What the task requires: Give the listing again word for word. Skip the pictures.

Given data:
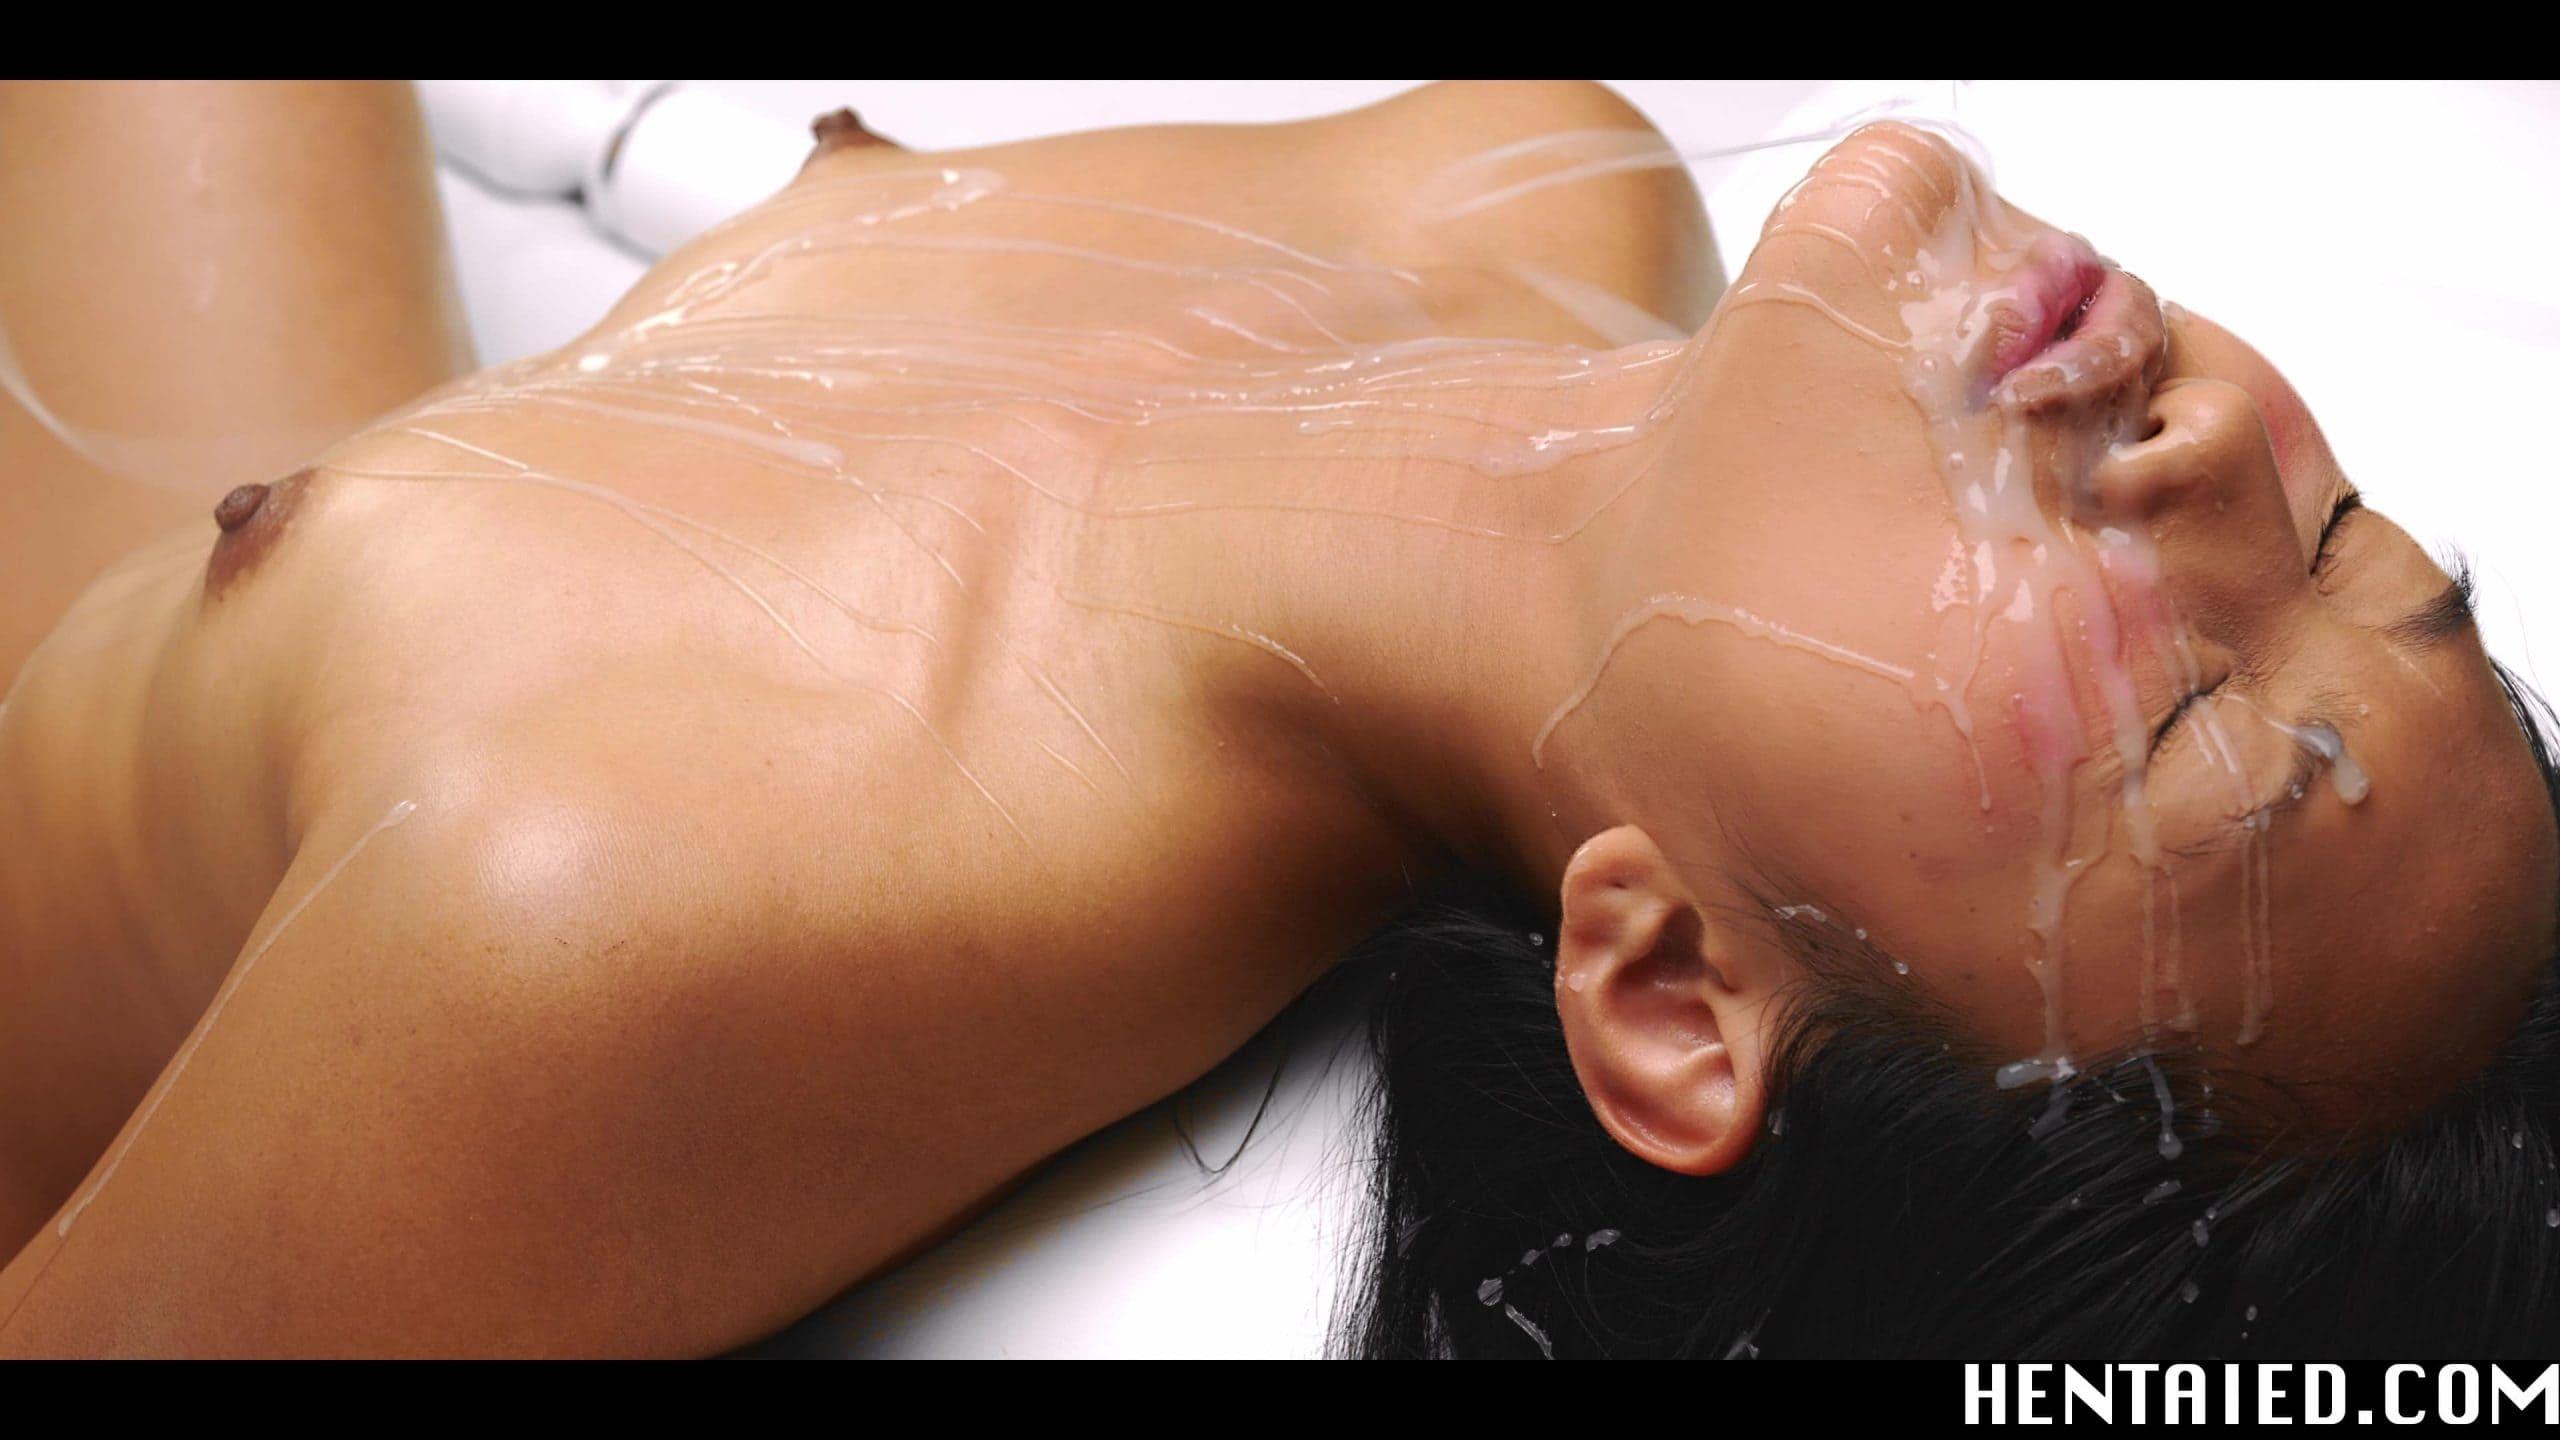 Beautiful Asian May Thai facial
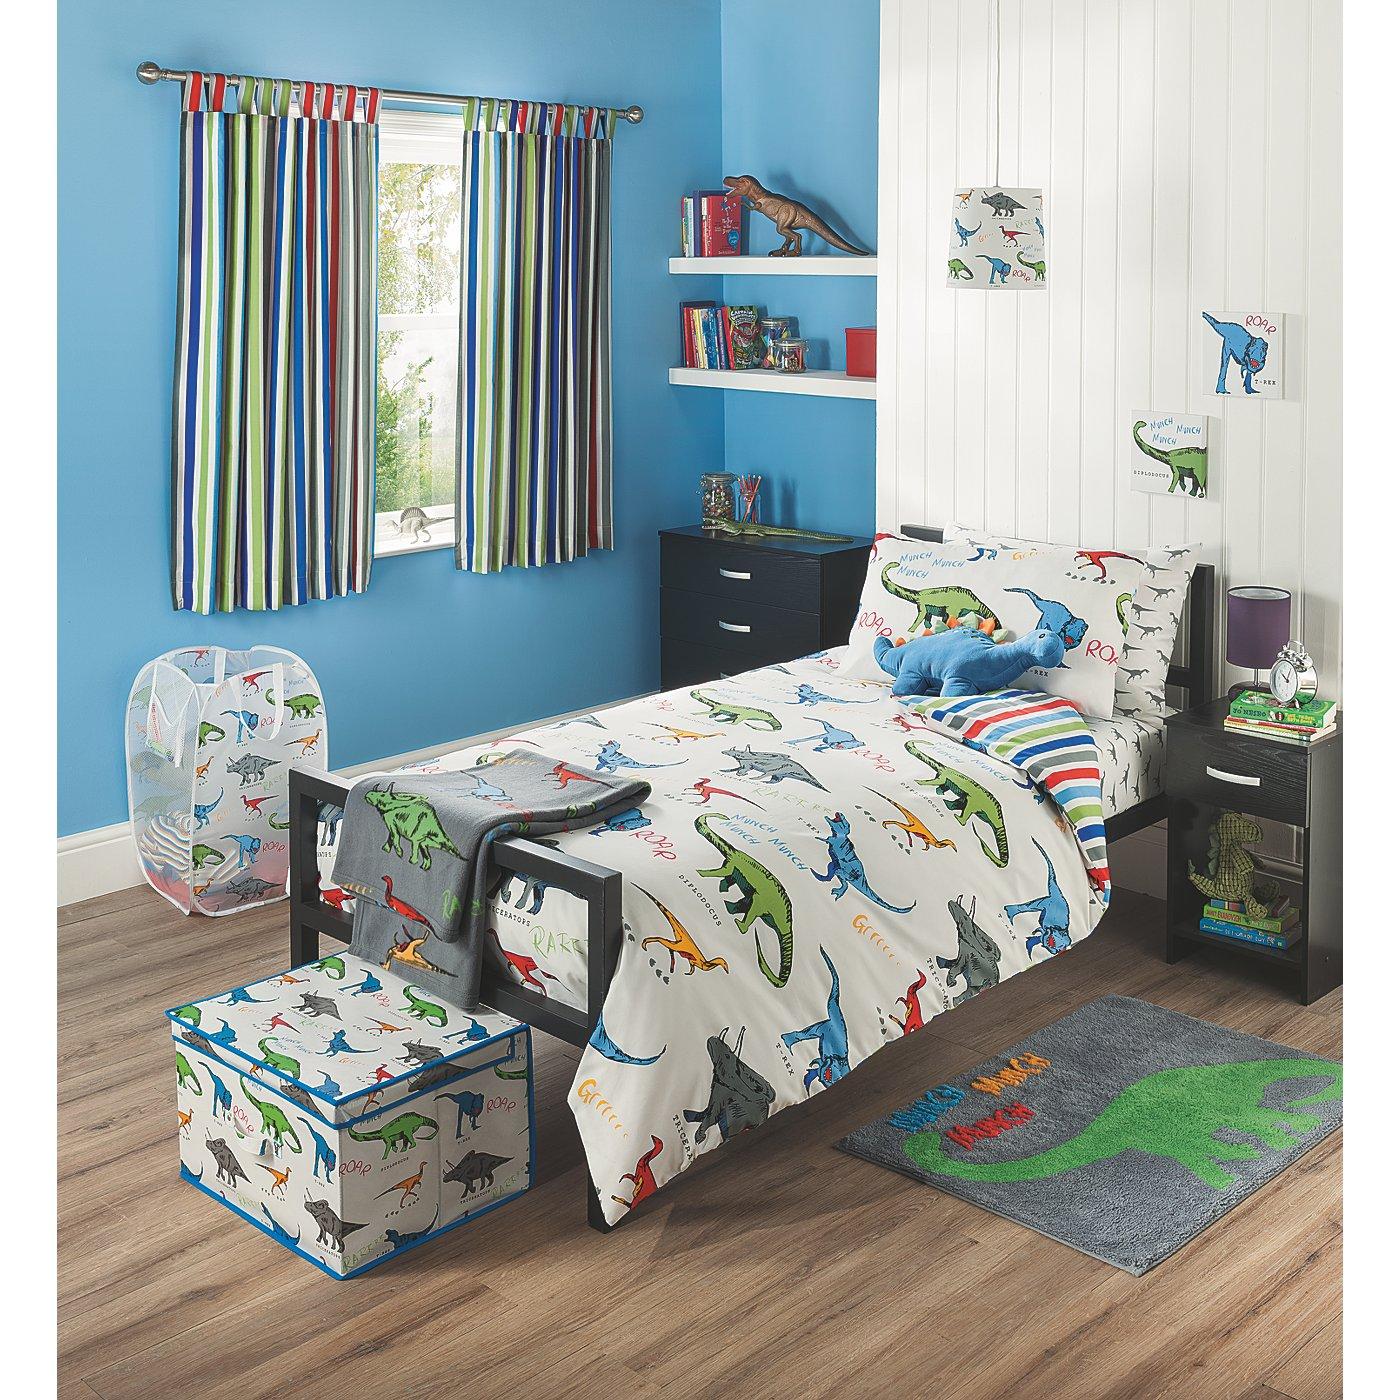 Asda Kids Bedroom - Bedroom
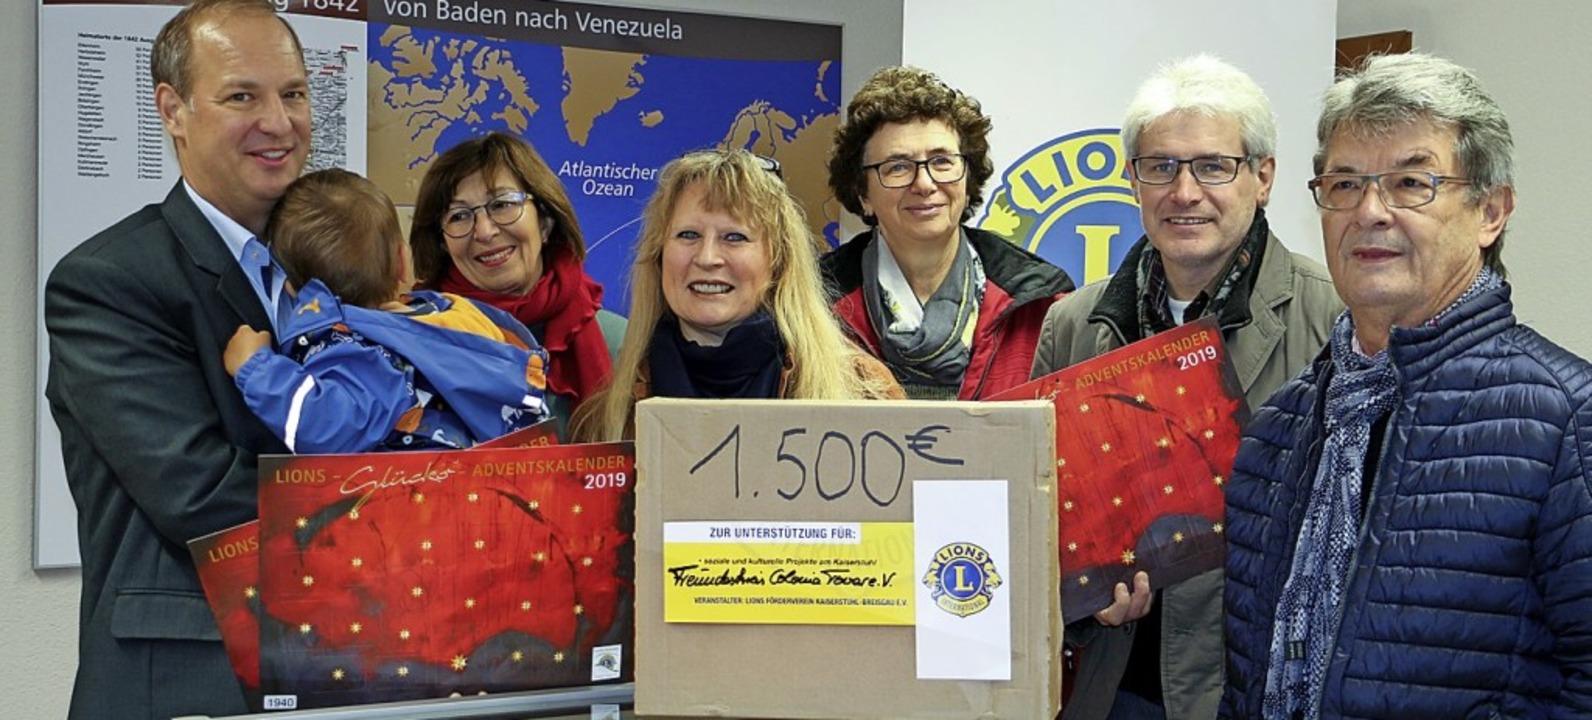 1500 Euro  übergaben Vertreter des Lio... den Freundeskreis der Colonia Tovar.   | Foto: Ruth Seitz

Answer box:
 Beautiful Asian May Thai facial
 Asda Kids Bedroom - Bedroom
 1500 Euro  übergaben Vertreter des Lio... den Freundeskreis der Colonia Tovar.   | Foto: Ruth Seitz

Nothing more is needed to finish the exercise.